Saturday, August 6, 2016

Orff Olympics


Yesterday afternoon we took a photo of the 100 folks in our Orff Course gathered around their flags. 32 countries represented this year, 48 total from past years that have taken the trip to California to further their service to children and have a rollicking good time in the process. Besides that troublesome Antartica, every continent represented.  

Yesterday evening we watched the Parade of the Nations in the Olympic openings. Just over 200 countries represented, gathered to compete and hoping to bring glory back to their country with a shiny gold or silver medal. They looked like they were also having a good time gathered with fellow athletes worldwide.

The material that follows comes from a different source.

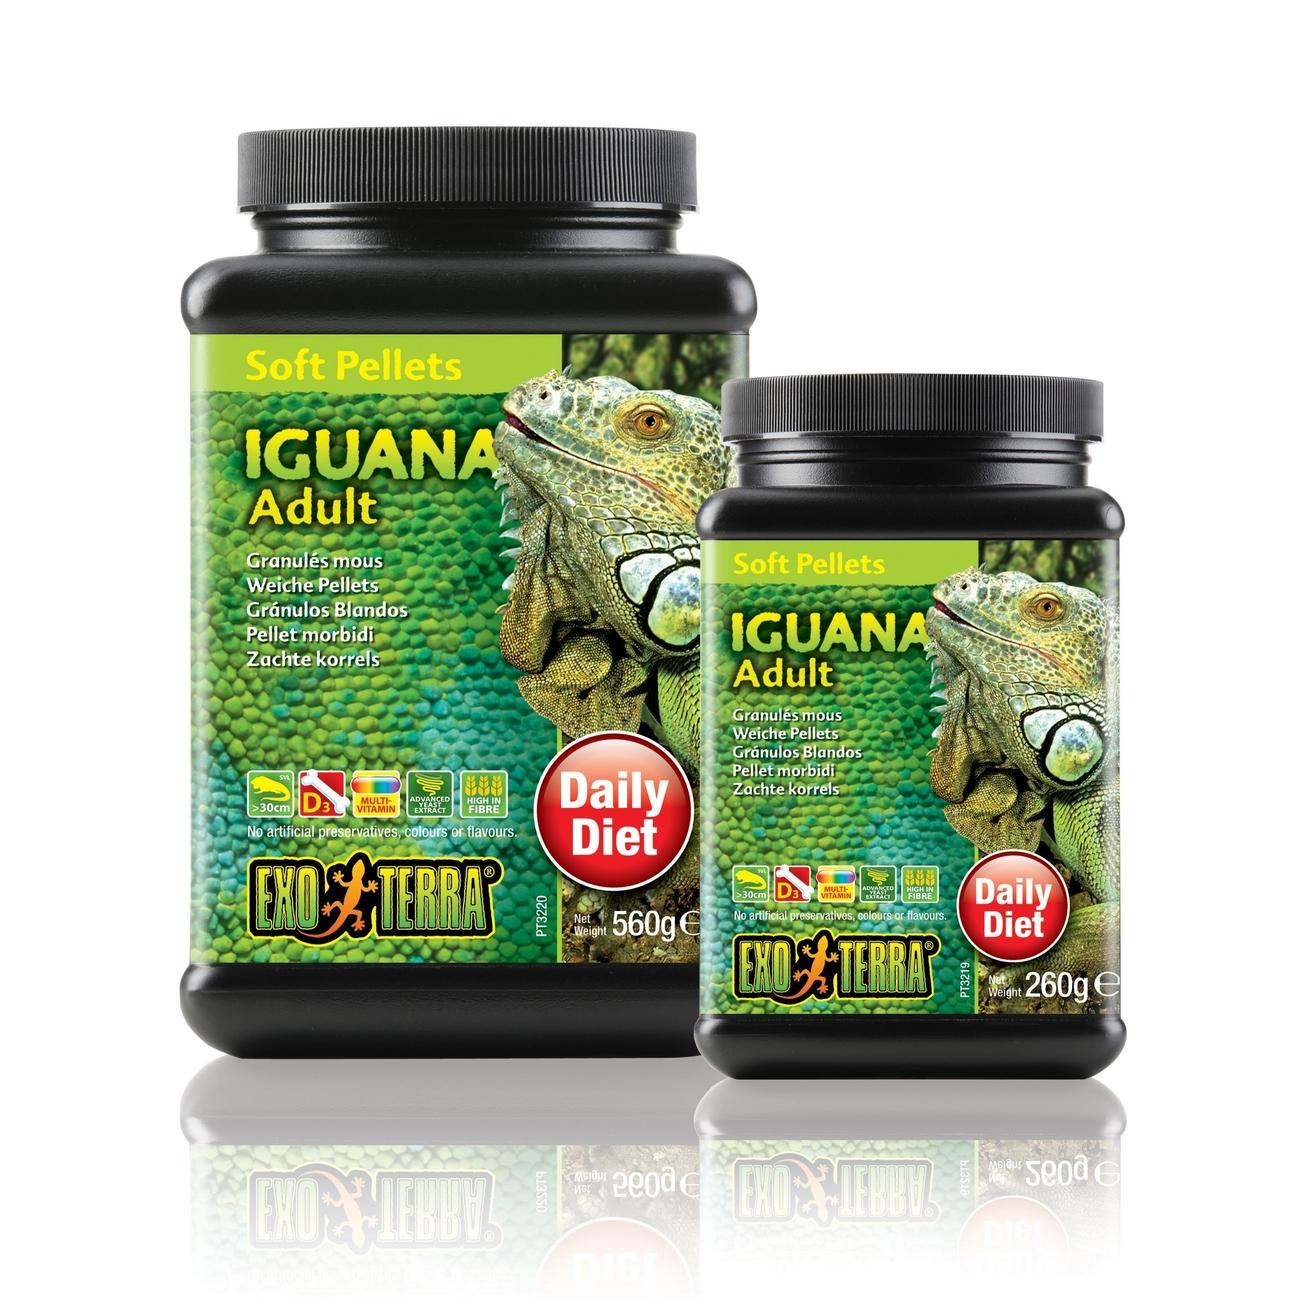 Hagen Exo Terra Futter - Soft Pellets für Leguane, Adult 560 g

The similarities are worth noting. Through accident of birth or tragedy of exile or the good luck to choose one’s home, everyone feels a certain allegiance to their country. Part of who they are is shaped by the culture, the economy, the weather and biome, the language, the food, their neighbors and so on. But part is the mystery of their particular character, the way they are attracted to one slice of human potential and have chosen to cultivate that through rigorous discipline and commitment. The athletes drawn to develop the strength, coordination, grace, expression of the human body, the musicians and dancers likewise committing to different muscle groups connected to producing coherent, powerful and beautiful sounds. Crossing national borders, they may have more in common with the athletes/ musicians they meet than with their next-door neighbor back home. Those involved in similar pursuits understand each other even when the language, dress and customs are different.

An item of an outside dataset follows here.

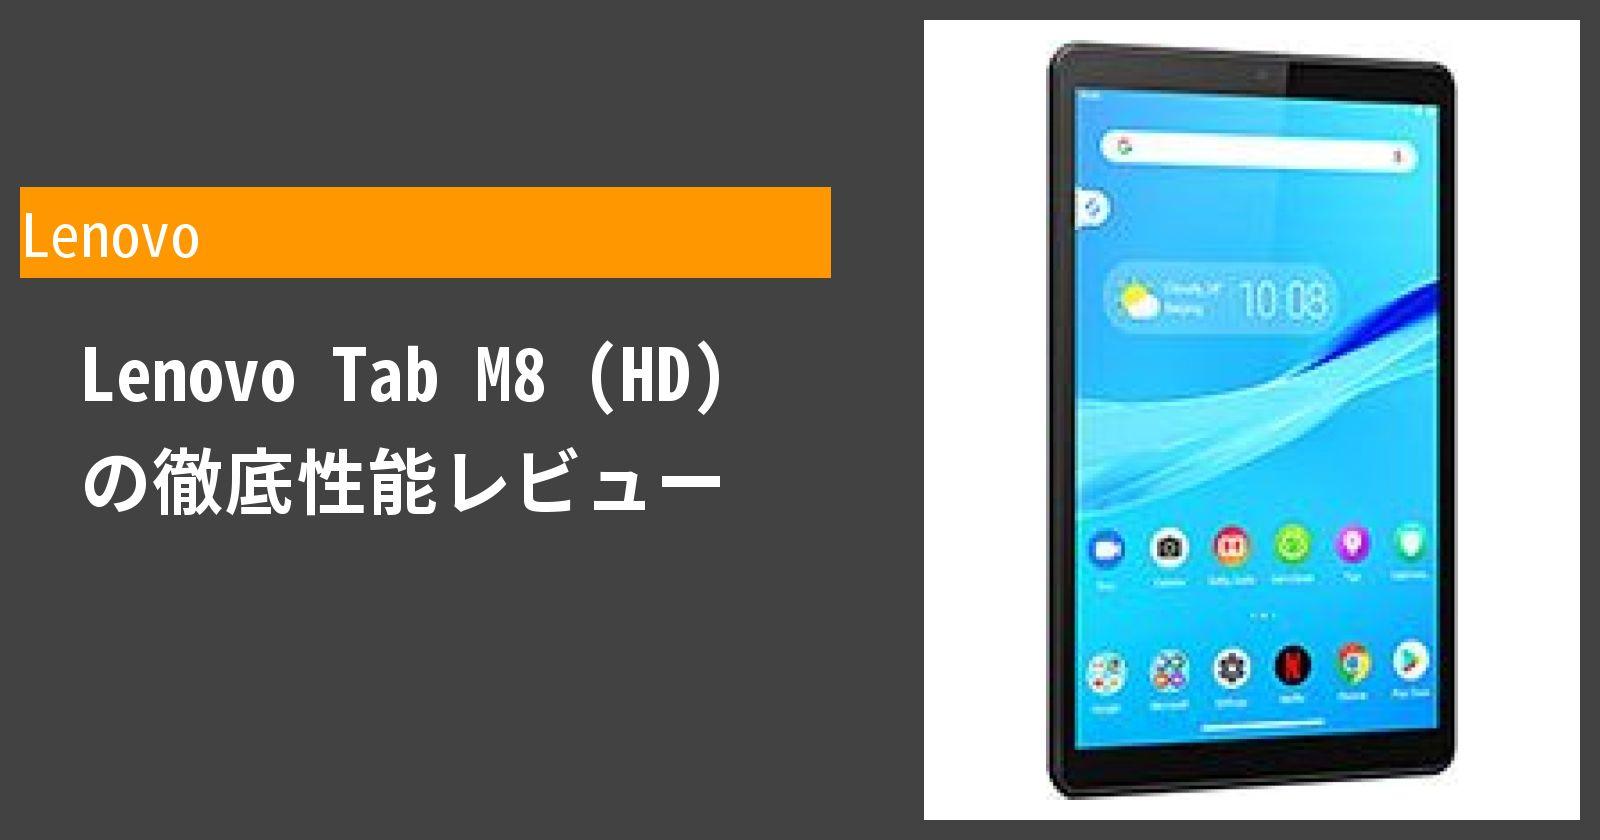 Lenovo Tab M8 (HD) の徹底性能レビュー

The differences are also worth noting. Athletes compete, musicians connect. Com-petition seen rightly is a kind of sacred covenant, two or more people who worship the same god and petition that god together (“com” the prefix that means “with”—com-panions break bread together—“con pan” in Spanish, com-rades are roommates sharing the same chamber –camera in Latin, etc.). They play against each other to spur themselves to higher levels of achievement and glory. After a good sports match, you sometimes see the players on opposite teams thank each other with genuine admiration. So at its best, athletes also connect and jazz jam sessions and battle of the bands are filled with examples of how musicians can compete.

However, in our win and lose culture, the fans are mostly much more interested in the product (final score) of the game than the process of the competition. So the drama of the Olympics is who will bring home the gold. The commentators yesterday mentioned one country (I forget which) in which the athlete could be in danger of being murdered when he returned home if he didn’t win the medal, having brought disgrace on the nation. And Michael Phelps said in his interview that he was proud to be carrying the flag in the parade for “the greatest country on the earth.” (Really, Michael? Have you been following the news lately?) So lovely to have people gather from around the planet and I hope some of the athletes make some lifelong connections with fellow athletes from different places. (Do they?) But the general vibe is the same old sad story of who’s the best, who wins, who loses.

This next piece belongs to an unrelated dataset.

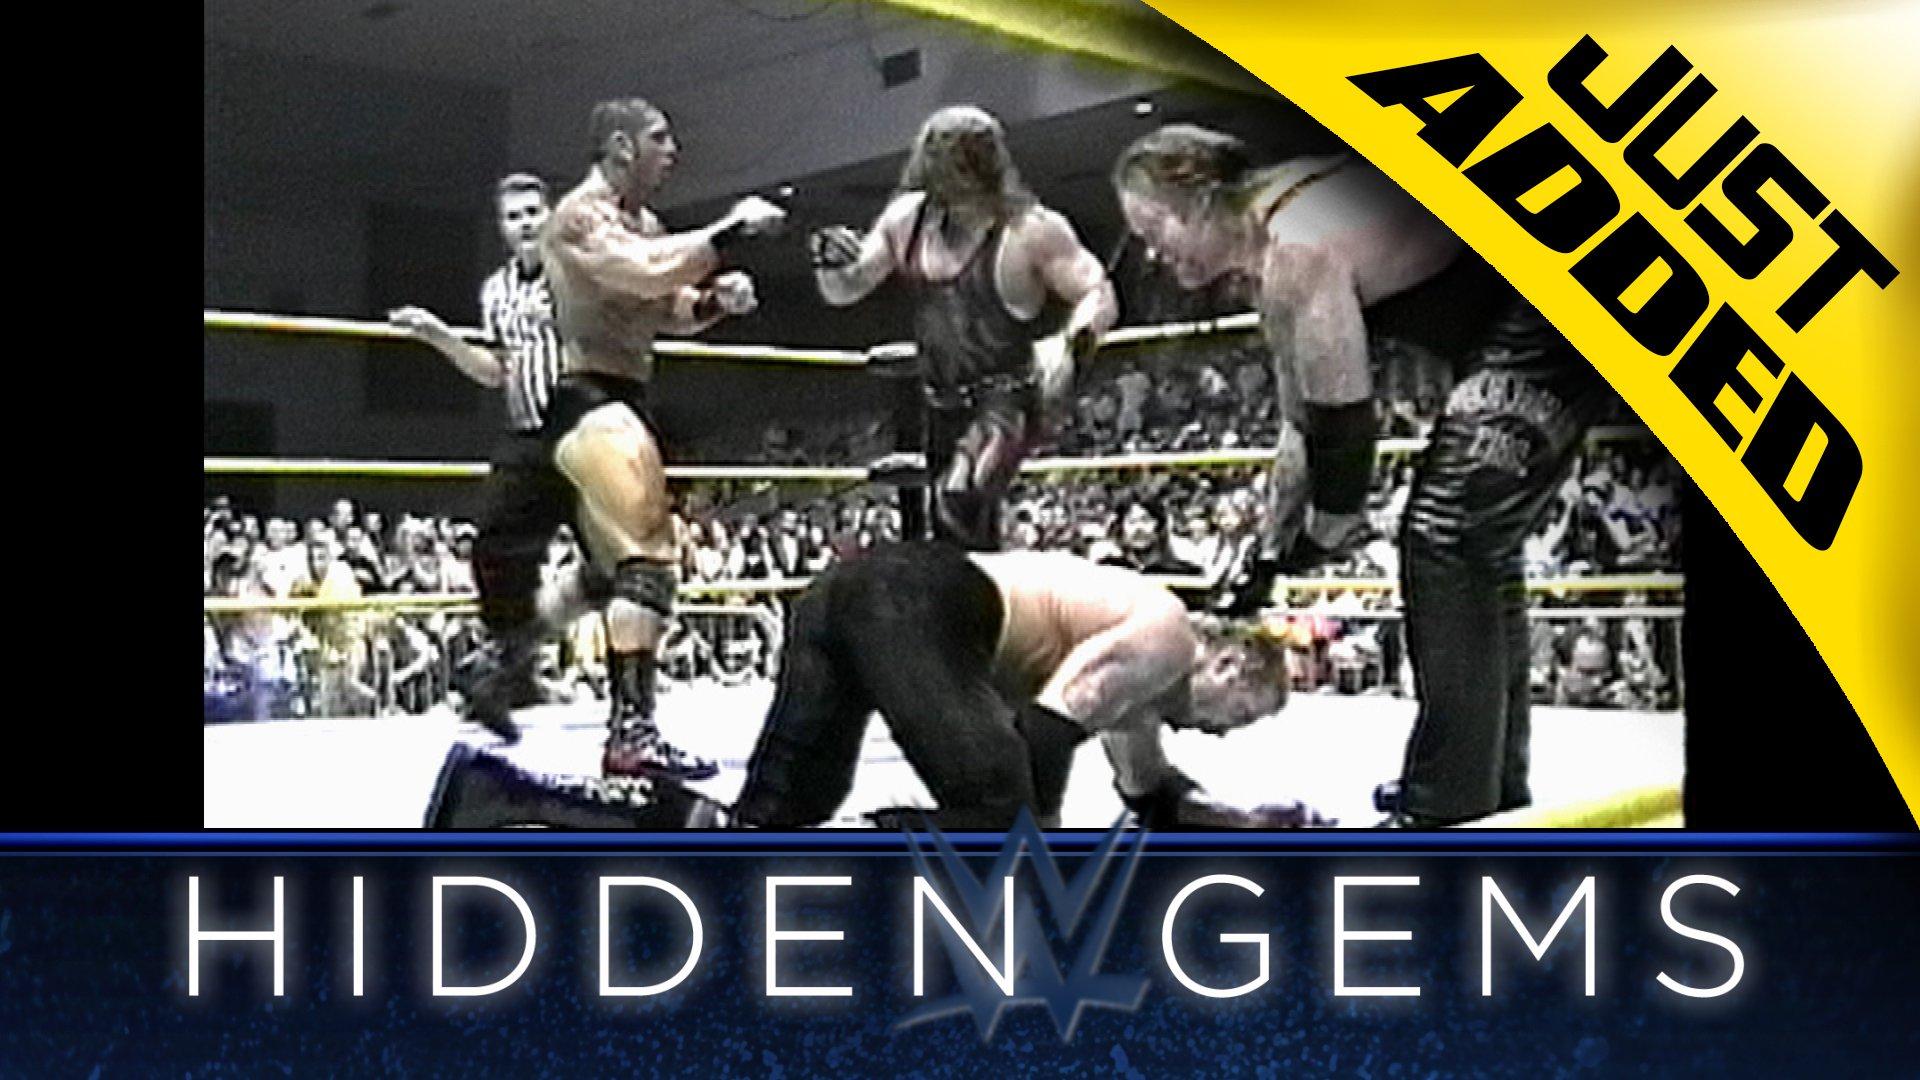 The Brothers of Destruction contre DDP & Batista (comme Leviathan) dans un rare WWE Hidden Gem (Exclusivité WWE Network)

Meanwhile, at the Orff Olympics in the Carmel Valley, we gather together with the opposite intention. I teach a tongue-twister in English and then invite my students to share one from Finland, Italy, Germany, Spain, Colombia, Cuba, Brazil, Taiwan, Zimbabwe and none of them “win,” but we are all refreshed by the exchange. We create dances and music from the confluences of our backgrounds and something new in this world arises from the convergence of diverse energies. Because music and dance is the slice of humanity that chose us, we care about beauty more than points, aim for connection—with ourselves, with our musical ancestors, with our fellow musicians and dancers, with the act of creation itself. And because we are teachers, we make it all yet larger with the noble act of passing it on to children. Help them make the connections they need to grow into a whole human being and refresh the world with the convivial connected conversations we so desperately need.

So while the helicopters hover over the Rio stadium and the TV cameras all point there, one hundred beautiful souls in a small retreat center in the Carmel Valley are holding their own Orff Olympics that few will ever hear of, but the world will benefit from. 100 teachers teaching a few hundred kids means some 25 to 50,000 kids will have their days made just a bit brighter by the efforts these teachers have made to bring them great music and dance artfully and joyfully taught. That’s newsworthy, yes?